He lets it fall off my arm, only to move it to my hip where his fingers dig in.
Why does that feel nice?
“What’s a matter, cupcake? You don’t like me touching you? I’m not like him. I would never touch you with ill intent.”
I try to step forward, but he’s quick and tugs me closer.
“I don’t bite.”
“I’m not worried about you biting me.” My voice has an odd quality to it that I’m not used to hearing.
Leaning his head in until I can feel his warm breath, he whispers, “Then what is it you’re worried about? Afraid I’ll kiss you again.”
As soon as the elevator opens, I bolt, and he lets me. That’s exactly what I’m worried about. If he kisses me again, I’ll forget my motto of swearing off men and beg him to do so much more.
I’m feeling a little needy after spending the last two months with Wilson. While I was successful in avoiding sex, he continued to push for kissing and physical contact. It wasn’t awful, but it was less than satisfying.
My brain and body are not helping. They’re convinced Darius would be enchanting. Both absolutely certain he’d be one of those life-altering moments you can’t come back from. But he’s a player.
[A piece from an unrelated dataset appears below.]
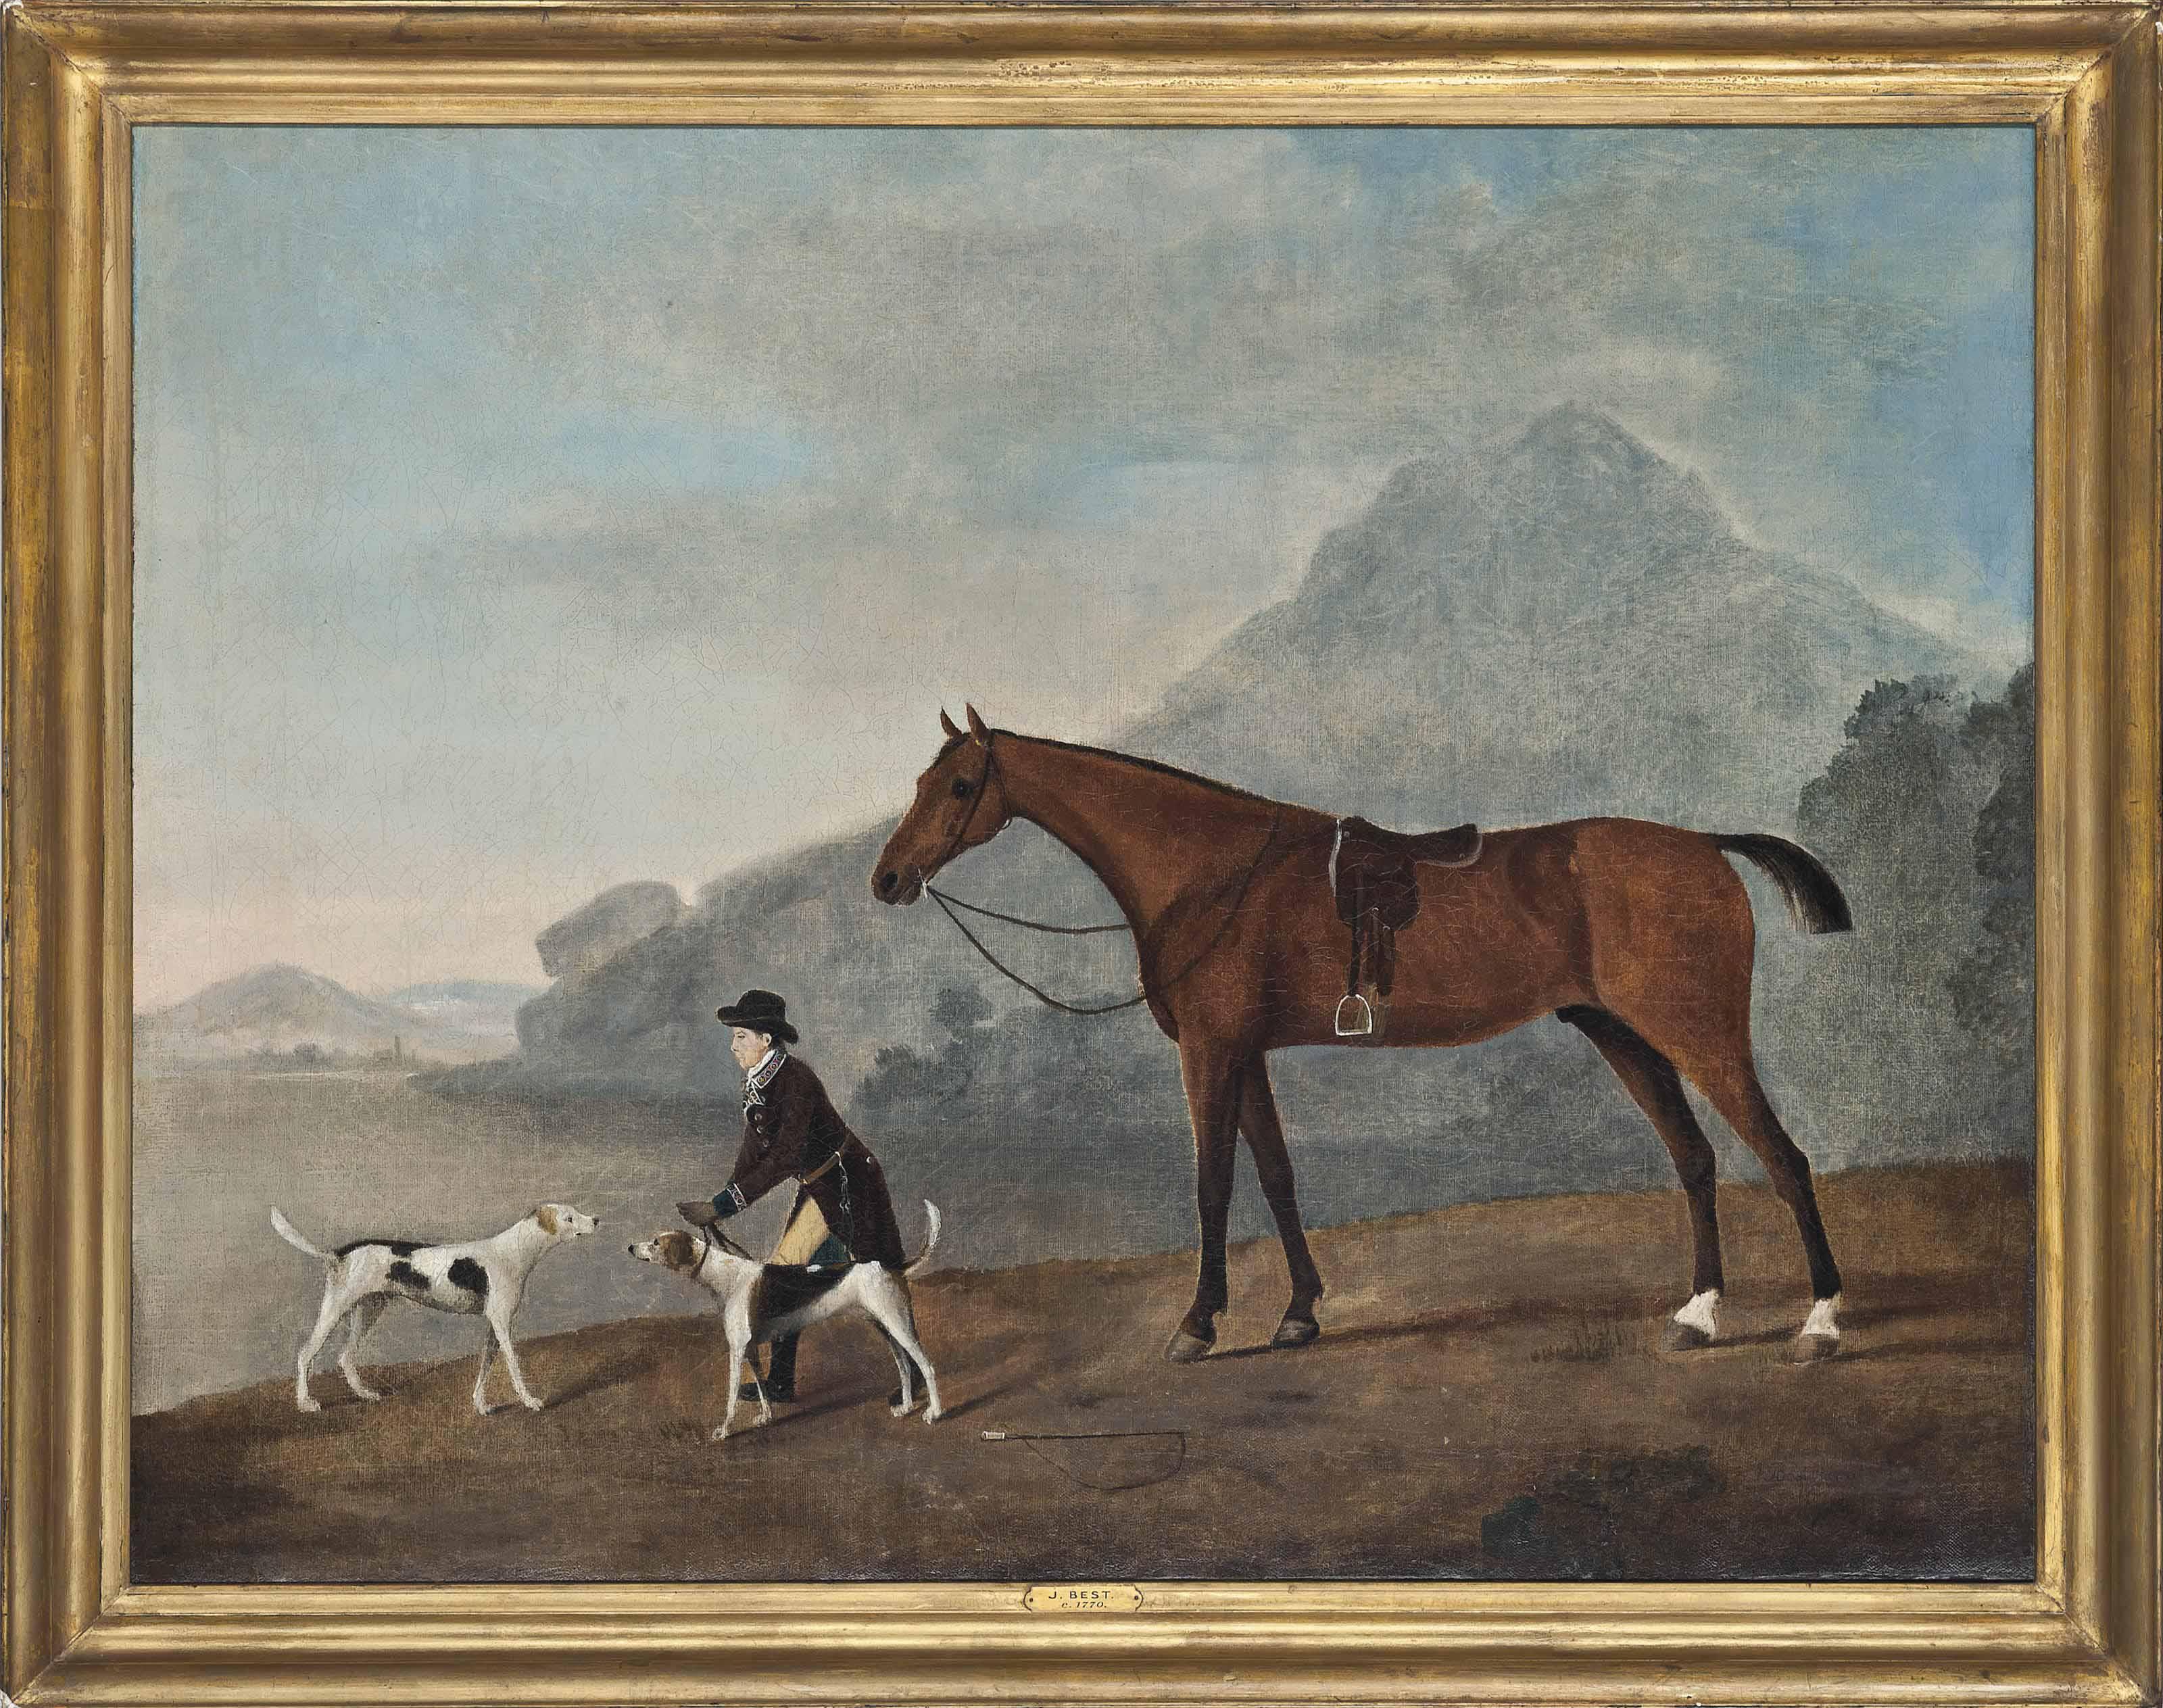 John Best (British, fl. 1750-1792)

A man I want nothing to do with, so I need to be strong and get away from him.
As soon as my feet touch the threshold of the front door, he’s there, hurrying to reach my side. A gentle pressure on my back, the warmth of his hand a silent promise. It’s a light touch that guides me to the black SUV parked in the circle drive. Once he opens the passenger door, he hands me my backpack.
With a shaky breath, I tilt my head back, the tension in my shoulders easing slightly as I try to compose myself. When I hear his door shut, I grab the seatbelt and click it.
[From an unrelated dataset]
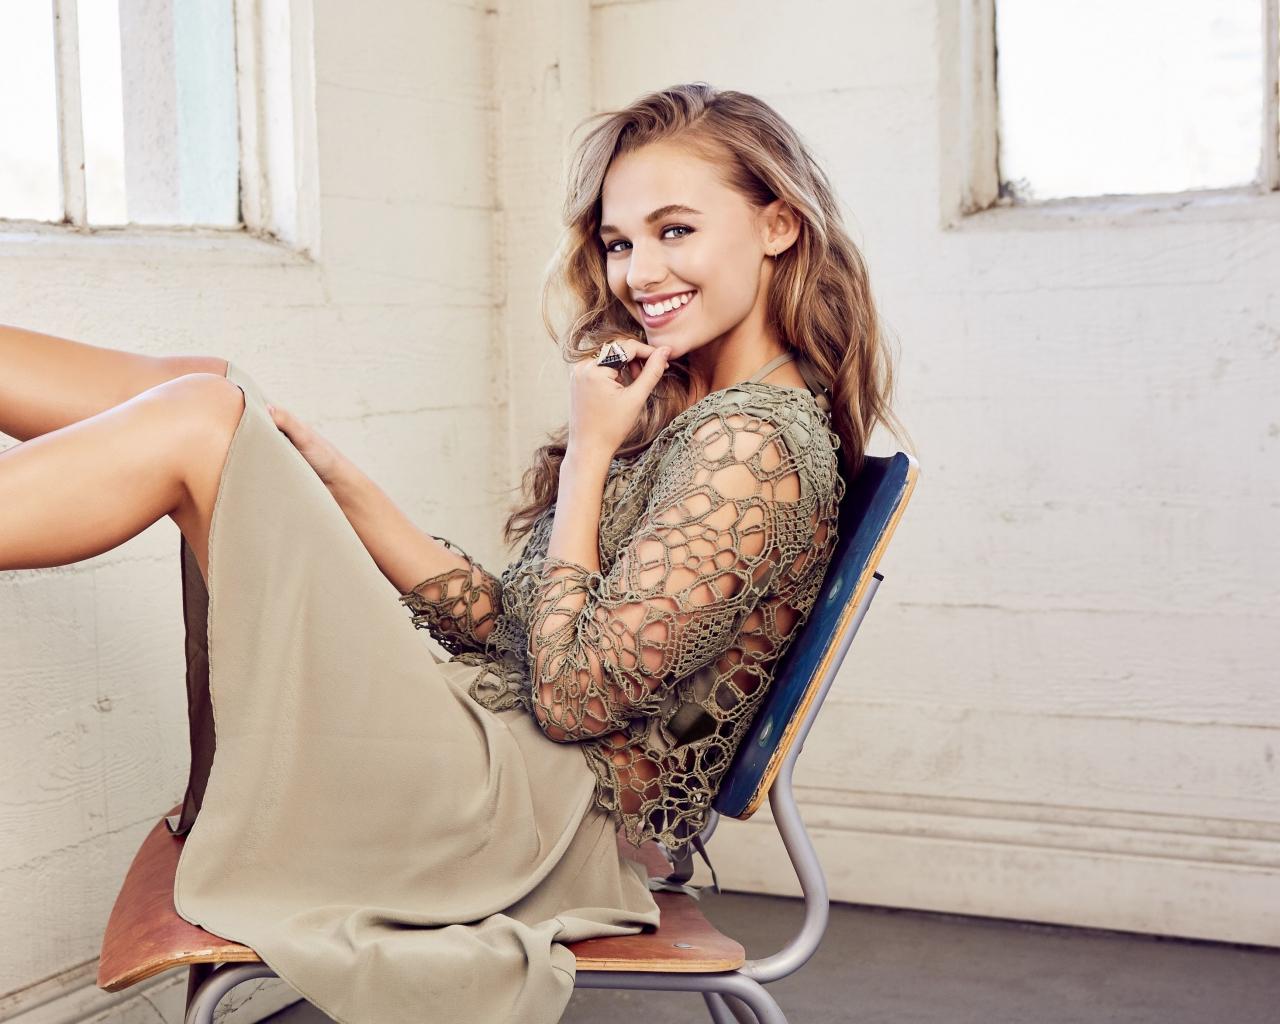 Madison Iseman, actress, smile, 2019, 1280x1024 wallpaper

As I’m digging for my phone, I ask, “What did you want to talk about?”
“Your father.” He briefly glances my way. “Have you spoken with him since he woke you a few days ago?”
“How did you know…” I pause, suddenly understanding. “I see. So, this is your doing?”
“Answer the question.” His voice sounds a little more demanding than the playful one he often uses. “Have you?”
“No. Let me guess.” I bring my finger to my lips and tap. “He’s gotten in over his head again. The people he’s in debt with have made a few ultimatums. He had nothing to offer them but me, so he hired you to get rid of Wilson.” I cross my arms, annoyed.
“No.” He gives his head a shake, then continues. “I mean, yes, your father is in over his head. But no one hired me to do shit. I came across it all on my own. Once I learned what was going on, I used what I knew to make your father and Warren see things my way.” He taps the steering wheel as if he’s nervous.
“Oh. My. God.” A rising tide of anger washes over me, tightening my fists and making my jaw clench. “You arsehole. So, you what? Bought me? How much am I worth? Do you expect me to be agood little girlandplay nice, too? Am I supposed to fuck you as well? So, I’m not really free. They sold me to the highest bidder. I hate you, you know? Hate?—”
“Shut up!” The cab reverberates with Darius’s deep, booming voice, a sound that vibrates in the chest. “I did not buy you.”
I whip my head around, eyes blazing, and glare at him, my rage blocking out the other words he spews out.
How dare he yell at me?
This is unbelievable. How the hell did I not see this coming?
Well, he can just forget it. I don’t care if he paid ten billion for me, I’m not—I repeat—I’m not marrying him, and I sure as hell am not sleeping with him.
Chapter 7
Darius
Her tirade about the Culberson contract has me so engrossed I almost forget I’m driving.
What the hell is wrong with these people?
Aware that the practice is still a part of an elite group, that doesn’t make it right. The thought of Ingrid being coerced into a life she abhors, a life that would stifle her spirit, guts me.
My estrangement from my family is not without cause. The biggest is this arranged-marriage bullshit—a tradition they elevate to near-sacrament. Only those with privileged and historically sanctioned bloodlines are allowed to mix with ours. All others are off limits. Step outside the lines and you’re not just disowned—you’re hunted. When I say, “running for your life,” I mean it. Blood was spilled to keep the lineage pure, and the duty to make sure it stayed that way fell to a single family.